给定一个包含混合数据类型的列的pandas.DataFrame,例如。
df = pd.DataFrame({'mixed': [pd.Timestamp('2020-10-04'), 999, 'a string']})我想知道如何获得列(Series)中各个对象的数据类型?假设我想修改级数中属于某种类型的所有条目,就像用某种因子乘以所有整数一样。
我可以迭代地派生一个掩码并在loc中使用它,如
m = np.array([isinstance(v, int) for v in df['mixed']])
df.loc[m, 'mixed'] *= 10
# df
# mixed
# 0 2020-10-04 00:00:00
# 1 9990
# 2 a string这是个诀窍,但我想知道是否有一种更多的pandas抽搐的方式来做到这一点呢?
发布于 2020-10-13 06:51:56
一种方法是用to_numeric和errors='coerce'测试数字,以及不缺少的值:
m = pd.to_numeric(df['mixed'], errors='coerce').notna()
df.loc[m, 'mixed'] *= 10
print (df)
mixed
0 2020-10-04 00:00:00
1 9990
2 a string不幸的是,是缓慢的,另一些想法:
N = 1000000
df = pd.DataFrame({'mixed': [pd.Timestamp('2020-10-04'), 999, 'a string'] * N})

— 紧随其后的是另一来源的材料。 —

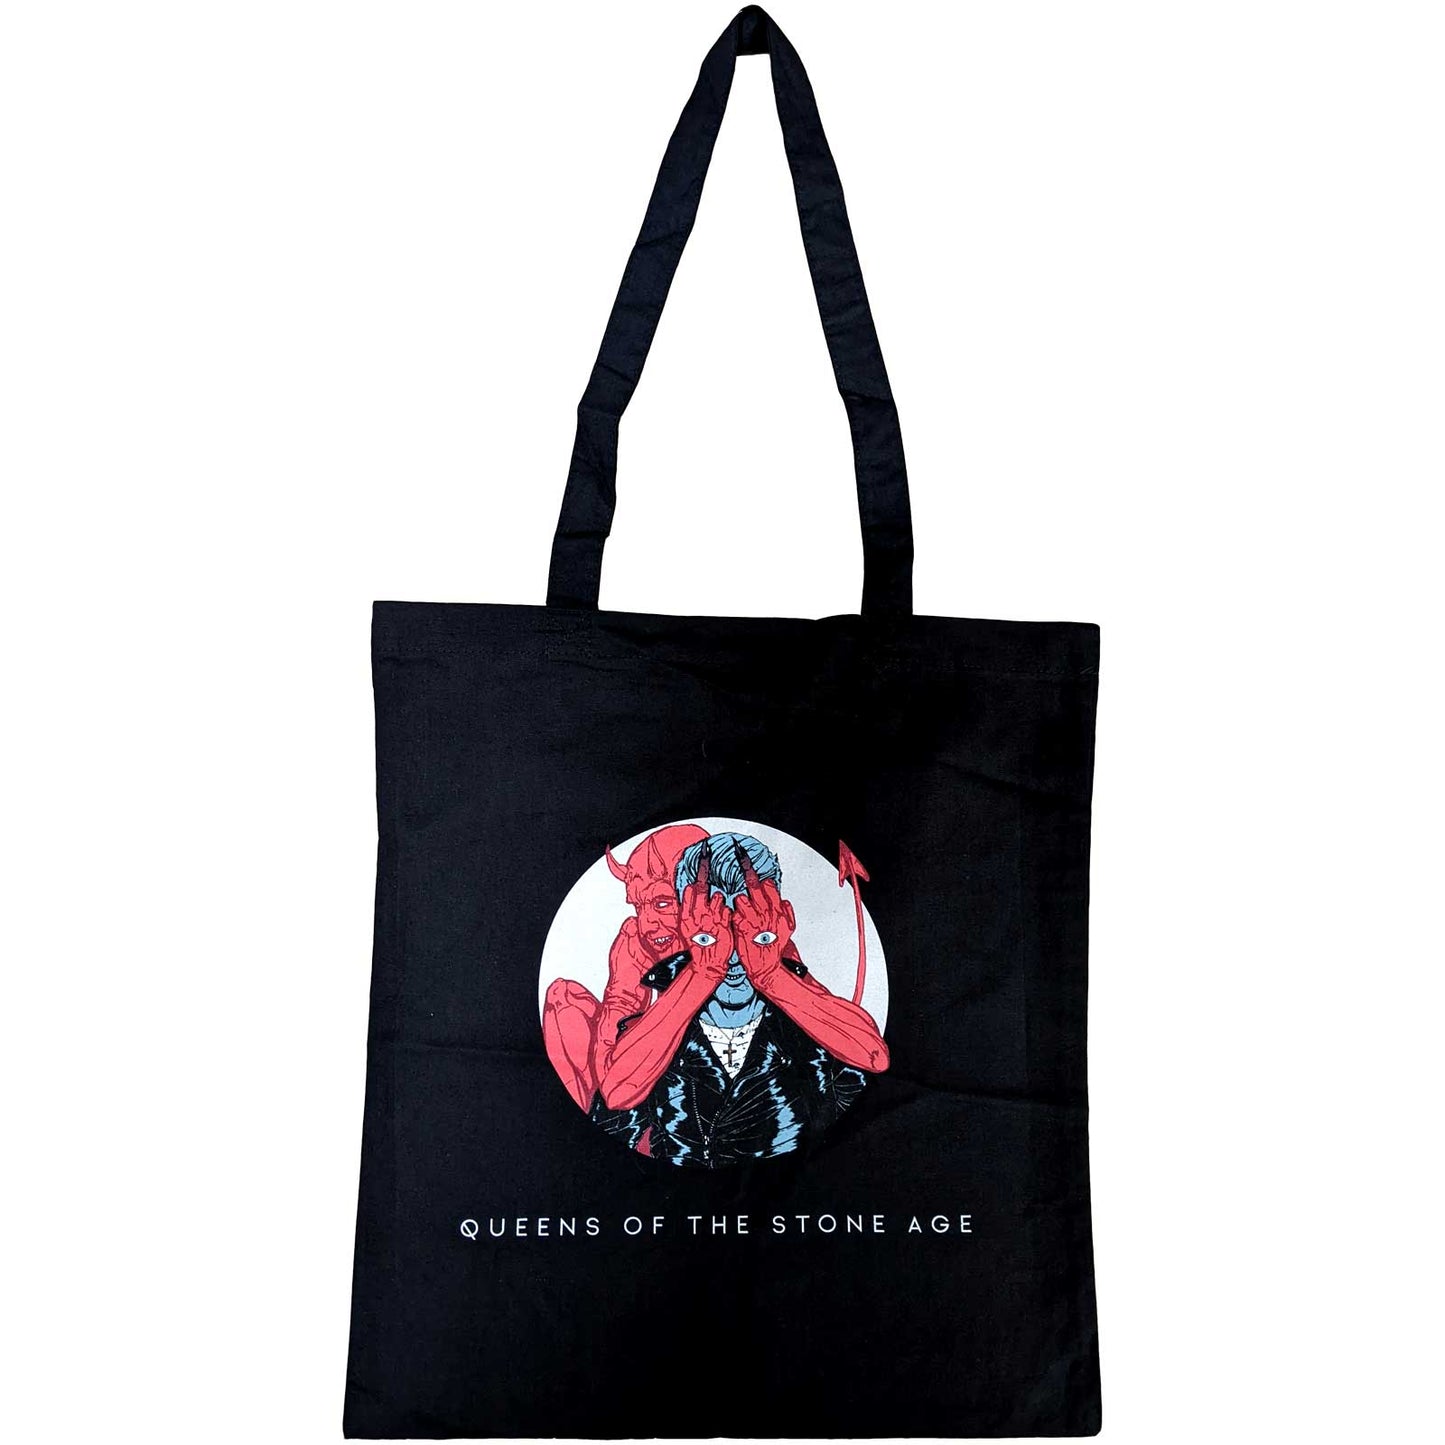 Queens Of The Stone Age Tote Bag: Villains

In [29]: %timeit df.mixed.map(lambda x : type(x).__name__)=='int'
1.26 s ± 83.8 ms per loop (mean ± std. dev. of 7 runs, 1 loop each)
In [30]: %timeit np.array([isinstance(v, int) for v in df['mixed']])
1.12 s ± 77.9 ms per loop (mean ± std. dev. of 7 runs, 1 loop each)
In [31]: %timeit pd.to_numeric(df['mixed'], errors='coerce').notna()
3.07 s ± 55.2 ms per loop (mean ± std. dev. of 7 runs, 1 loop each)In [34]: %timeit ([isinstance(v, int) for v in df['mixed']])
909 ms ± 8.45 ms per loop (mean ± std. dev. of 7 runs, 1 loop each)
In [35]: %timeit df.mixed.map(lambda x : type(x))=='int'
877 ms ± 8.69 ms per loop (mean ± std. dev. of 7 runs, 1 loop each)
In [36]: %timeit df.mixed.map(lambda x : type(x) =='int')
842 ms ± 6.29 ms per loop (mean ± std. dev. of 7 runs, 1 loop each)
In [37]: %timeit df.mixed.map(lambda x : isinstance(x, int))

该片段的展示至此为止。